No nos ponemos de acuerdo en el lugar para comer pero hay que hacerlo antes de recoger nuestros materiales depositados en el cámping.

Al final en el prado convertido en aparcamiento al sudeste del pueblo y a la sombra lo haremos.

Son las dos de la tarde y comemos lo de siempre y con intención de acabar con nuestras provisiones ya que bastante peso tenemos que recoger. Además también comemos la satisfacción de saber que nuestro ligero adelanto sobre los horarios previstos comienza a cristalizar y se trata de un bocado ciertamente agradable.

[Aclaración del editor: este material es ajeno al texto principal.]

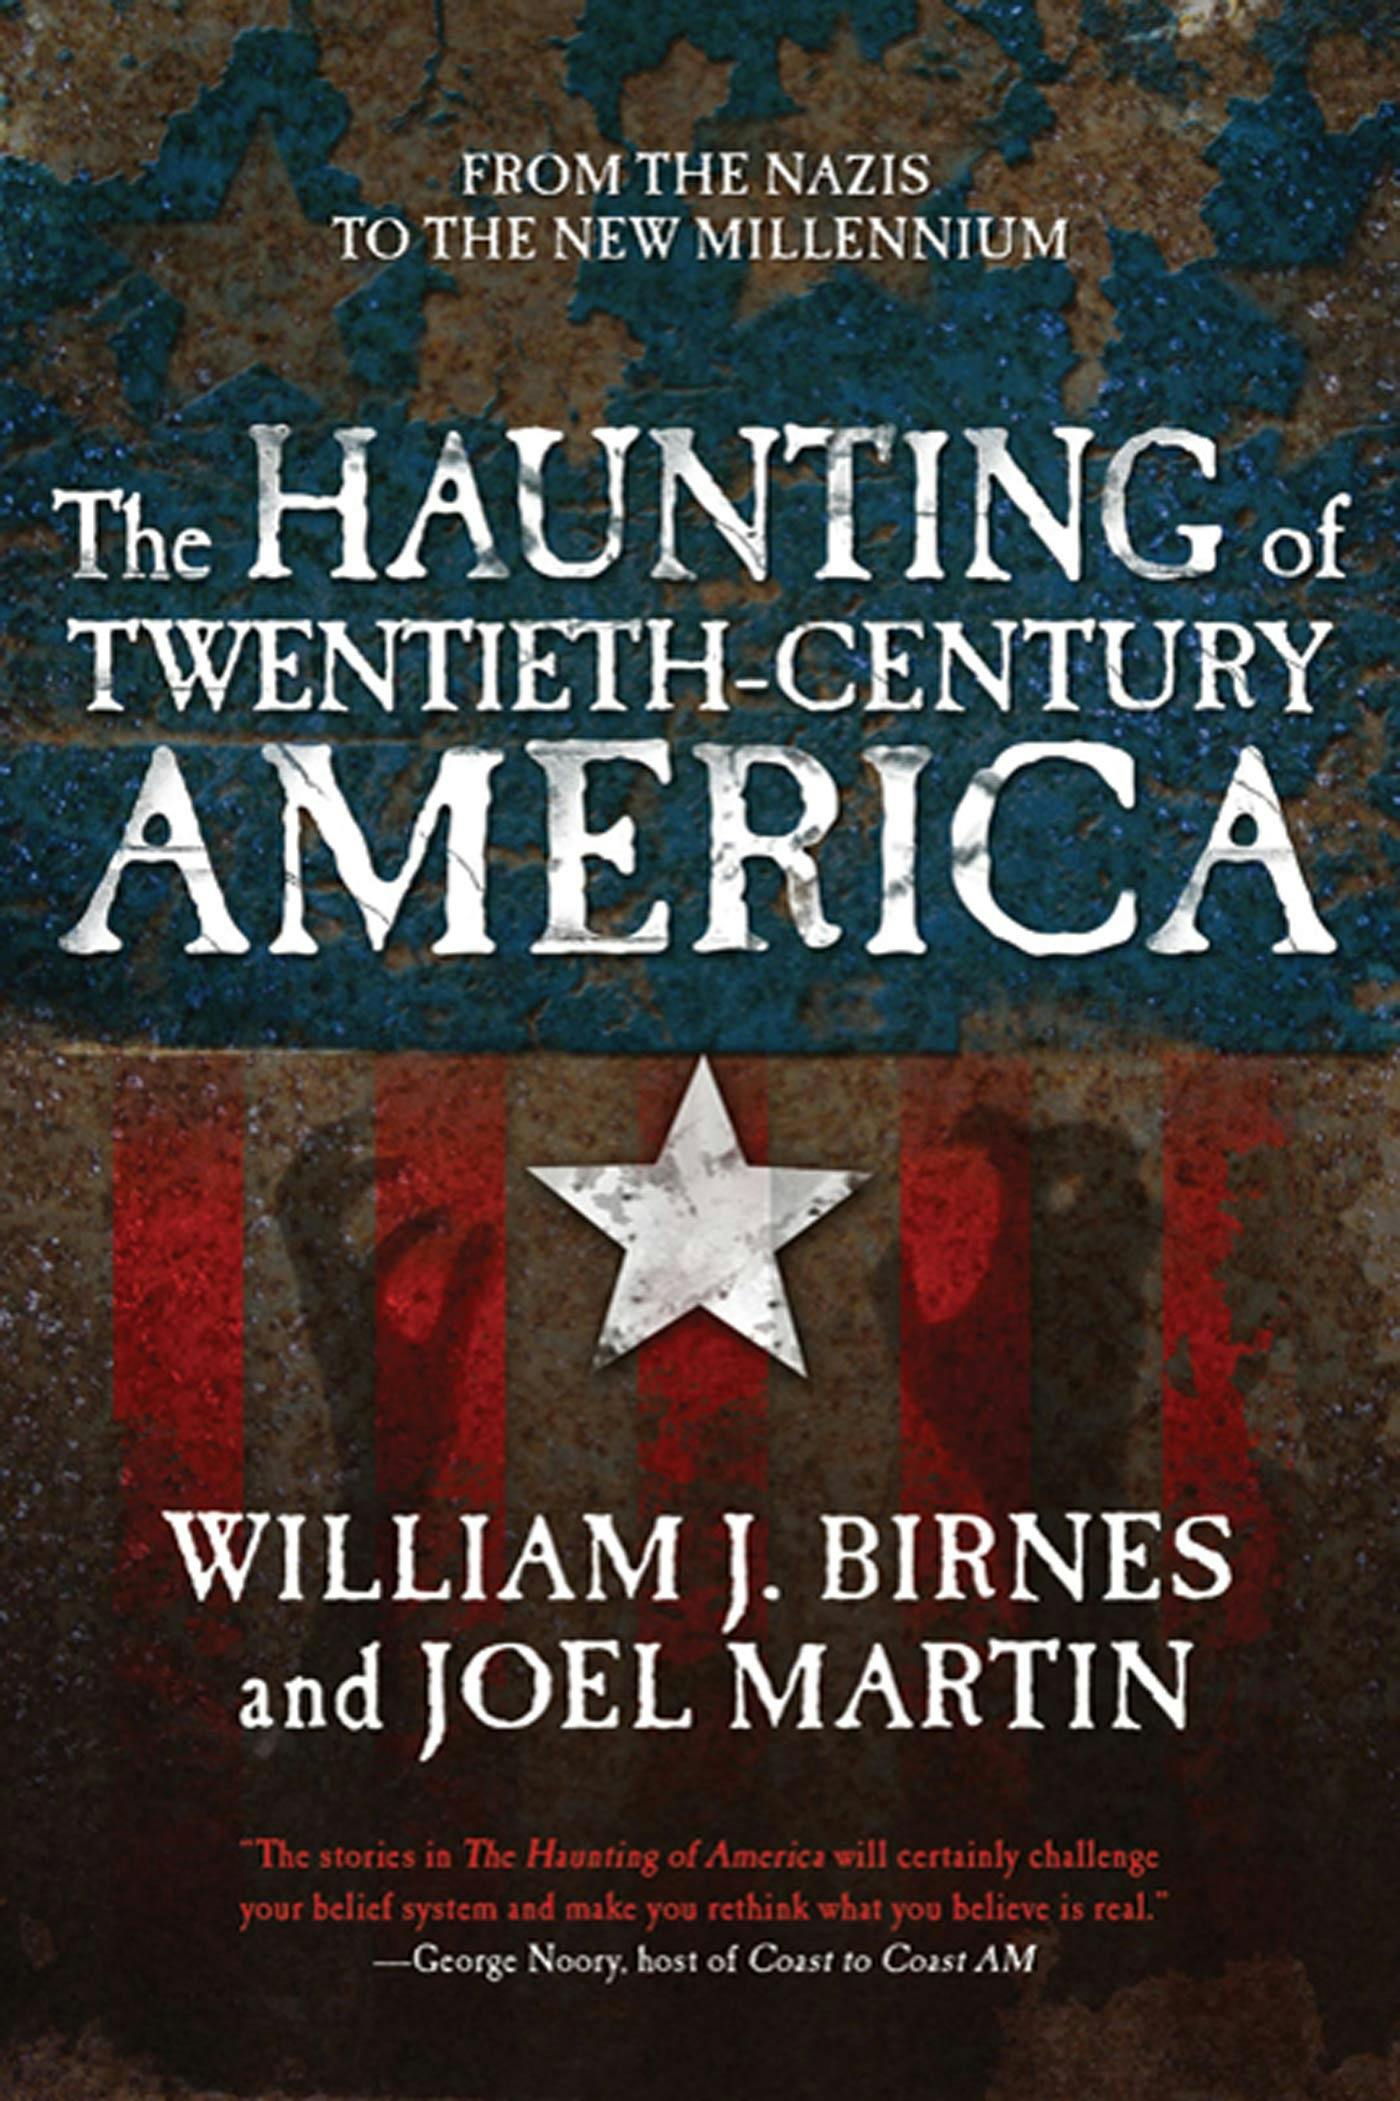 Cover for the book titled as: The Haunting of Twentieth-Century America

A las tres menos cuarto continuamos la marcha. Hemos abandonado el GR11. y por la carretera nos vamos directamente para abajo hasta el Cámping La Mola que se encuentra 2 kilómetros debajo del pueblo.

-¡Habéis venido pronto!

-Bueno, no nos ha ido mal. Charlamos y comentamos con el dueño del cámping acerca del tiempo, del monte, del verano y del turismo. Este año va flojo de gente. No sabe qué pasará.

Pasamos un rato agradable de charla y de descanso para nosotros mientras echamos un trago en el bar. No nos acepta la invitación que le hacemos ni nos quiere cobrar por lo que liquidamos el tema con una cumplida propina consistente en las vueltas del trago. Nos acompaña al almacén para que recojamos la bolsa y nos despedimos agradecidos deseándonos mutuamente buen verano.

En un lado de la salida del cámping a la sombra de un crecido fresno deshacemos nuestras mochilas y el paquete y lo enmochilamos todo de manera adecuada y satisfactoria como tenía previsto, se nos va casi media hora en la faena.

Son las cuatro de la tarde cuando echamos al hombro las mochilas, que pesan como rayos pues además llevamos la pesada cena de la noche para más “inrri”, y saliendo a la carretera tomamos el desvío que nos ha de llevar en dirección primero sudeste hasta el desvío a Estaís y luego fundamentalmente al norte hasta Jou.

Cae un sol de estricta justicia, pesan las mochilas lo suyo pero lo llevamos bien al principio. La carretera sube en lugar de ir de llano. Luego bajará y en conjunto dará una considerable vuelta para quedar prácticamente a la misma altitud del cámping, lo cual no es más que una enorme puñetería ya que hemos de bajar luego 350 metros de desnivel.

Además, mucho me tendría que equivocar, o estamos viendo el valle por el que habremos de subir al día siguiente, casi con completa seguridad, al otro lado de la carretera y del Río Noguera Pallaresa.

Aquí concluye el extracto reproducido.